PROMPT
Produce word for word the lines of the data below running from the one that has "Даташит FDN327N - N-Channel" to the one that has "Whatever you acknowledgement", inclusive, and no others.
════════
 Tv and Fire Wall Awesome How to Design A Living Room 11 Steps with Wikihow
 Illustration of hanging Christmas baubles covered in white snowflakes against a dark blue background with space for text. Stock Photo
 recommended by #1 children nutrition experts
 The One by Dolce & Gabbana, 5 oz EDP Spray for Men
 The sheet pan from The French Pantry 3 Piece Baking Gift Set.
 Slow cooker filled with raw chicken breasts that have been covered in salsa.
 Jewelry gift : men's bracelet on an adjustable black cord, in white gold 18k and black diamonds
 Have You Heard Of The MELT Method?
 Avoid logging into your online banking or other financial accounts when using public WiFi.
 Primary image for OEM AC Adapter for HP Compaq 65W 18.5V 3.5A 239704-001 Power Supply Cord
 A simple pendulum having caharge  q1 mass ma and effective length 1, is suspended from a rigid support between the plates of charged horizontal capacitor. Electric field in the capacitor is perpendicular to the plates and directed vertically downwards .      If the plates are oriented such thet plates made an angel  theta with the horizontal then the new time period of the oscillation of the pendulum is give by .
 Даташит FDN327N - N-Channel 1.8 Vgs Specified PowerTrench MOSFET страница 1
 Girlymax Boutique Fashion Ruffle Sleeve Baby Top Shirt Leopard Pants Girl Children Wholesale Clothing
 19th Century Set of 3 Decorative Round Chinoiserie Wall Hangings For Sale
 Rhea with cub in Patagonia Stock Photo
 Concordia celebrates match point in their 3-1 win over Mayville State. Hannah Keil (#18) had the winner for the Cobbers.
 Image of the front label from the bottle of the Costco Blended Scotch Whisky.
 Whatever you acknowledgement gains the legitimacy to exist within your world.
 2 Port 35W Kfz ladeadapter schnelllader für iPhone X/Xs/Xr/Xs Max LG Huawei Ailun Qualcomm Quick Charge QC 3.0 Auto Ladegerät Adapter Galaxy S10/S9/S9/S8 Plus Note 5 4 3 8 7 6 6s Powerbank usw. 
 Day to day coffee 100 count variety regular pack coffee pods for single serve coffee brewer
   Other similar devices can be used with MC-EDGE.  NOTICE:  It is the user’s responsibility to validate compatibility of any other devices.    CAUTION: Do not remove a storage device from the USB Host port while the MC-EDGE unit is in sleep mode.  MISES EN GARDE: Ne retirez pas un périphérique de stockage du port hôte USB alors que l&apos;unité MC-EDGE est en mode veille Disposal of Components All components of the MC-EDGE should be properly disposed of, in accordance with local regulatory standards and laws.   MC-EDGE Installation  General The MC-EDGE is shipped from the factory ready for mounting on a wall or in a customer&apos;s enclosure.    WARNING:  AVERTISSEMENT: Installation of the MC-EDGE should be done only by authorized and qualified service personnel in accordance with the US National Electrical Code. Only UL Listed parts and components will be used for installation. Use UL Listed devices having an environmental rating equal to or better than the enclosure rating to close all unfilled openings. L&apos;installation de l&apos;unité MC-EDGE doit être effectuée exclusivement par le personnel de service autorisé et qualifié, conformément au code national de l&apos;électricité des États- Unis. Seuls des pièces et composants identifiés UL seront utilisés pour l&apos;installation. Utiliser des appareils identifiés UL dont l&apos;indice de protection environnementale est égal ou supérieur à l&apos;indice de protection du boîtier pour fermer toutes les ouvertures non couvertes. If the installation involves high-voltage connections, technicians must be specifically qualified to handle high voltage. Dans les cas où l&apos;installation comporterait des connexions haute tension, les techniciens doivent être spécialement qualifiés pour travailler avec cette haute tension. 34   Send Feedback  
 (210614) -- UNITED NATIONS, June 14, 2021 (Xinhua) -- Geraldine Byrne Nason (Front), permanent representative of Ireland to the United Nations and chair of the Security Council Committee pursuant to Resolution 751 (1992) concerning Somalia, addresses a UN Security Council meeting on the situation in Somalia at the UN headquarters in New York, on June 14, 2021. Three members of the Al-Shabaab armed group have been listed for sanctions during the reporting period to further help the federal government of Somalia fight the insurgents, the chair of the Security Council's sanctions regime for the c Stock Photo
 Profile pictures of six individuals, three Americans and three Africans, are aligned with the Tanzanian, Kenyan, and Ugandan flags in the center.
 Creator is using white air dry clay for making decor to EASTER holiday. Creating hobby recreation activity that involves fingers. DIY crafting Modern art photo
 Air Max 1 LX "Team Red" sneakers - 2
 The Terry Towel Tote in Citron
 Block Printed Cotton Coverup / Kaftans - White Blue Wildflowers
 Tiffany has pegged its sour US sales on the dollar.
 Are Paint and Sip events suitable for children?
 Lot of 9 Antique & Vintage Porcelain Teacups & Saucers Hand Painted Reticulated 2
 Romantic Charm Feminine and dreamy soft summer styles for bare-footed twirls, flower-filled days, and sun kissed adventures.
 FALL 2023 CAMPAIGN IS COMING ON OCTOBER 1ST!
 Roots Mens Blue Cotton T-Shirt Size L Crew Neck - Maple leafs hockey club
════════
TASK RESPONSE
 Даташит FDN327N - N-Channel 1.8 Vgs Specified PowerTrench MOSFET страница 1
 Girlymax Boutique Fashion Ruffle Sleeve Baby Top Shirt Leopard Pants Girl Children Wholesale Clothing
 19th Century Set of 3 Decorative Round Chinoiserie Wall Hangings For Sale
 Rhea with cub in Patagonia Stock Photo
 Concordia celebrates match point in their 3-1 win over Mayville State. Hannah Keil (#18) had the winner for the Cobbers.
 Image of the front label from the bottle of the Costco Blended Scotch Whisky.
 Whatever you acknowledgement gains the legitimacy to exist within your world.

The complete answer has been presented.